Coinbase has yet to comment on the meeting, as the request for comment was made outside of their business hours. However, the exchange has previously stated that it vehemently denies the SEC’s allegations and is fully prepared to vigorously defend itself in court. Binance has taken a similar stance, rejecting the SEC’s claims and affirming its commitment to fighting the lawsuit.

Brian Armstrong, known for his outspoken criticism of the SEC, has been particularly vocal about his disagreement with SEC Chair Gary Gensler. He has referred to Gensler as an “outlier” among Washington policymakers, expressing his differing views on cryptocurrency regulation.

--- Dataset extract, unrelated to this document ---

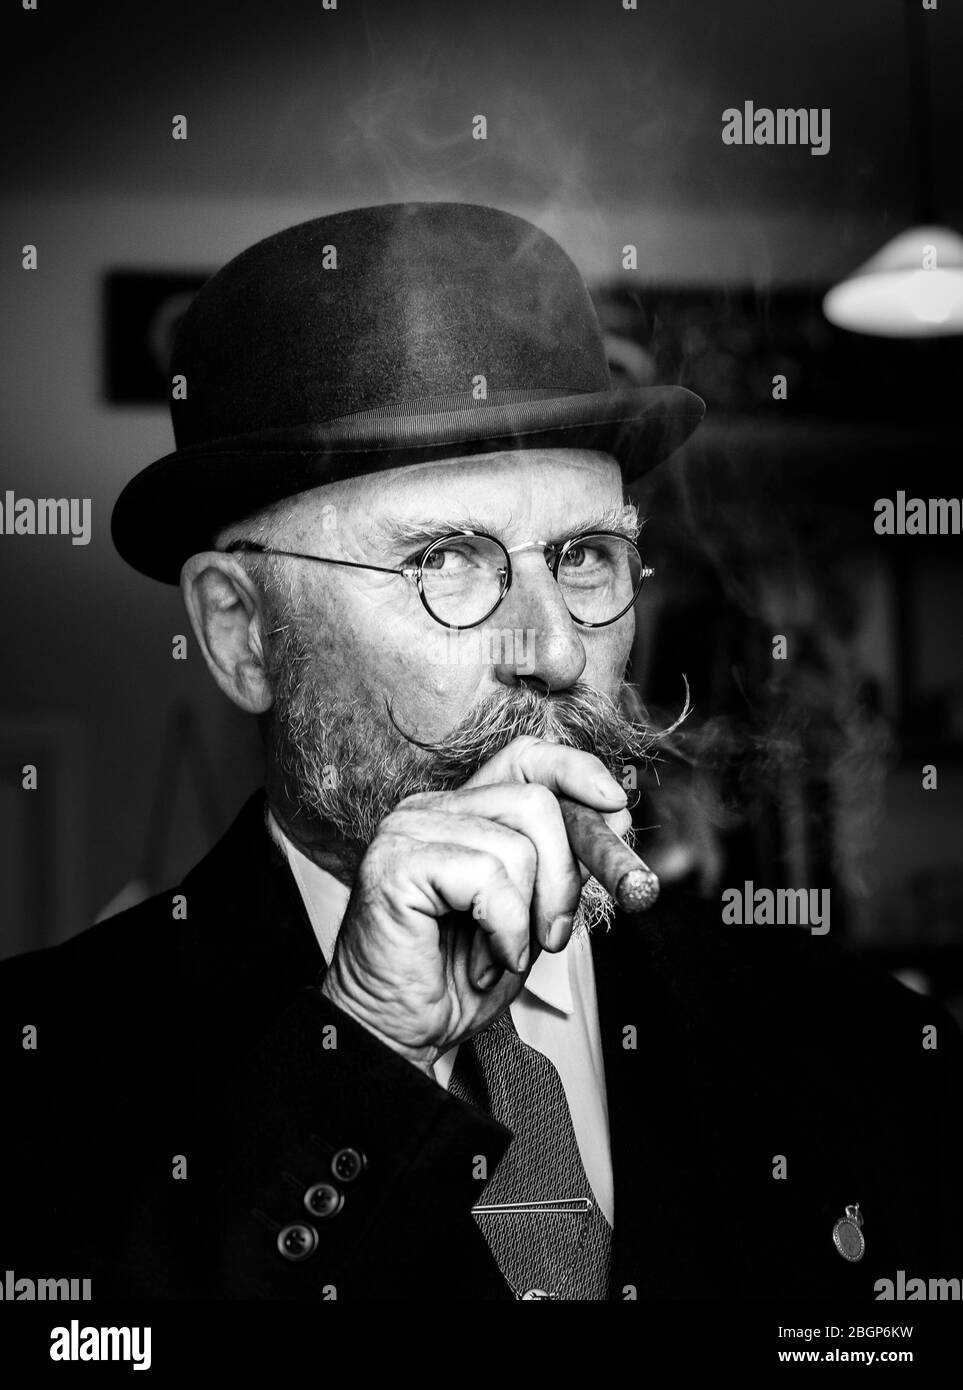 Ritratto monocromo in primo piano dell'uomo britannico degli anni '40 con baffi da manubrio e sigaro fumatore bowler, evento estivo britannico degli anni '40. Foto Stock
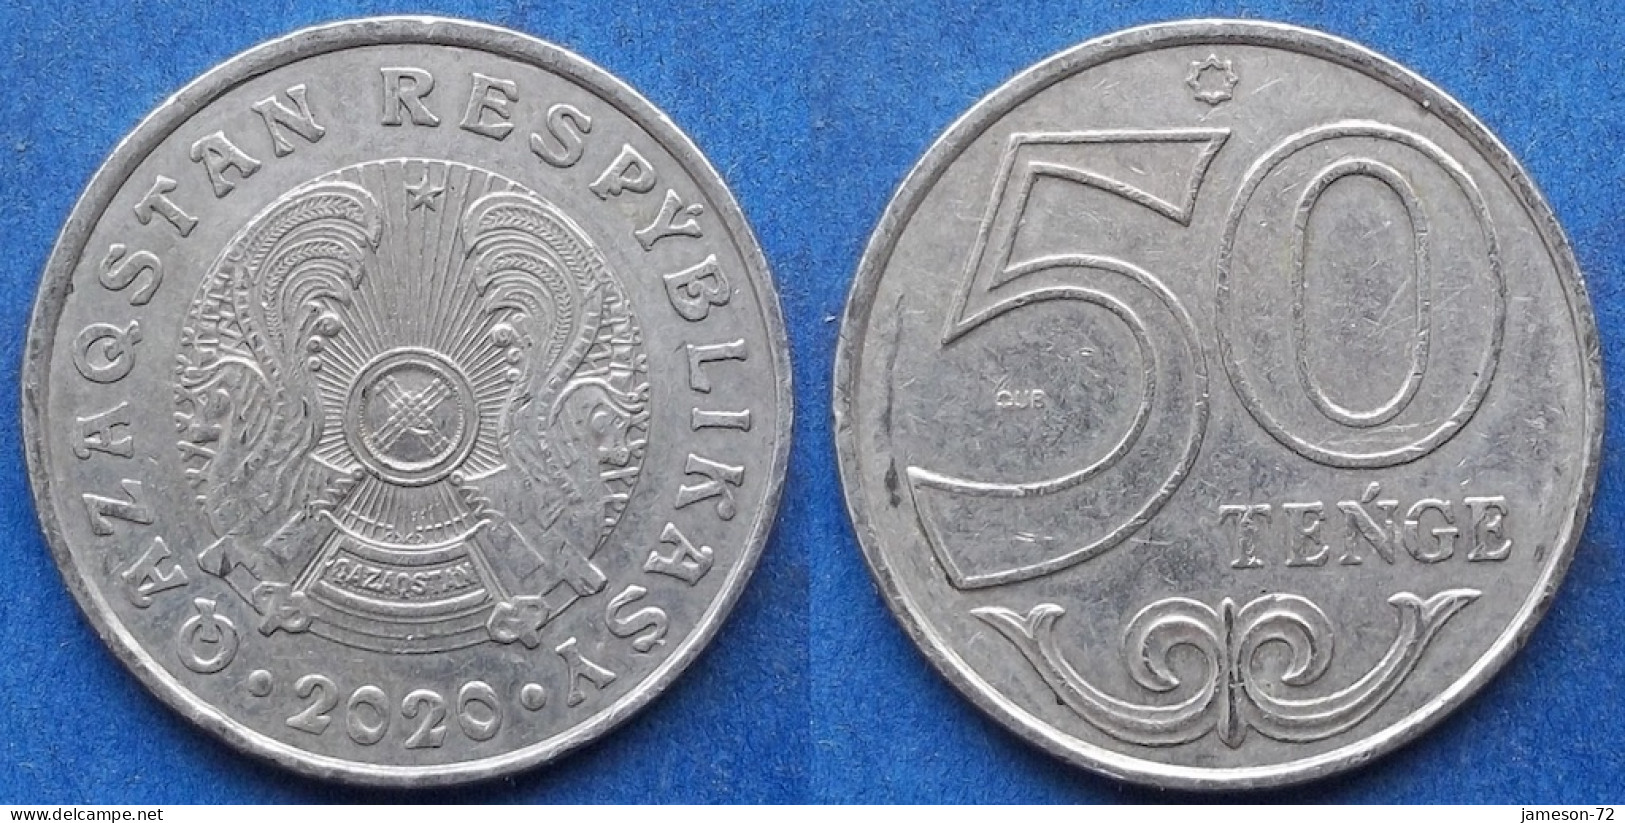 KAZAKHSTAN - 50 Tenge 2020 Independent Republic (1991) - Edelweiss Coins - Kasachstan

The upcoming meeting with House Democrats provides Armstrong with an opportunity to present his perspectives and engage in a dialogue on the future of digital asset legislation.

The outcome of this meeting could have significant implications for the regulatory landscape surrounding cryptocurrencies in the United States. As the crypto industry continues to grow and evolve, discussions between industry leaders and lawmakers will play a crucial role in shaping the future of digital asset regulation, with potential ramifications for investors, businesses, and the broader financial system.

The meeting between Coinbase CEO Brian Armstrong and House Democrats holds promise for constructive discussions on digital asset legislation and regulatory concerns in the cryptocurrency industry.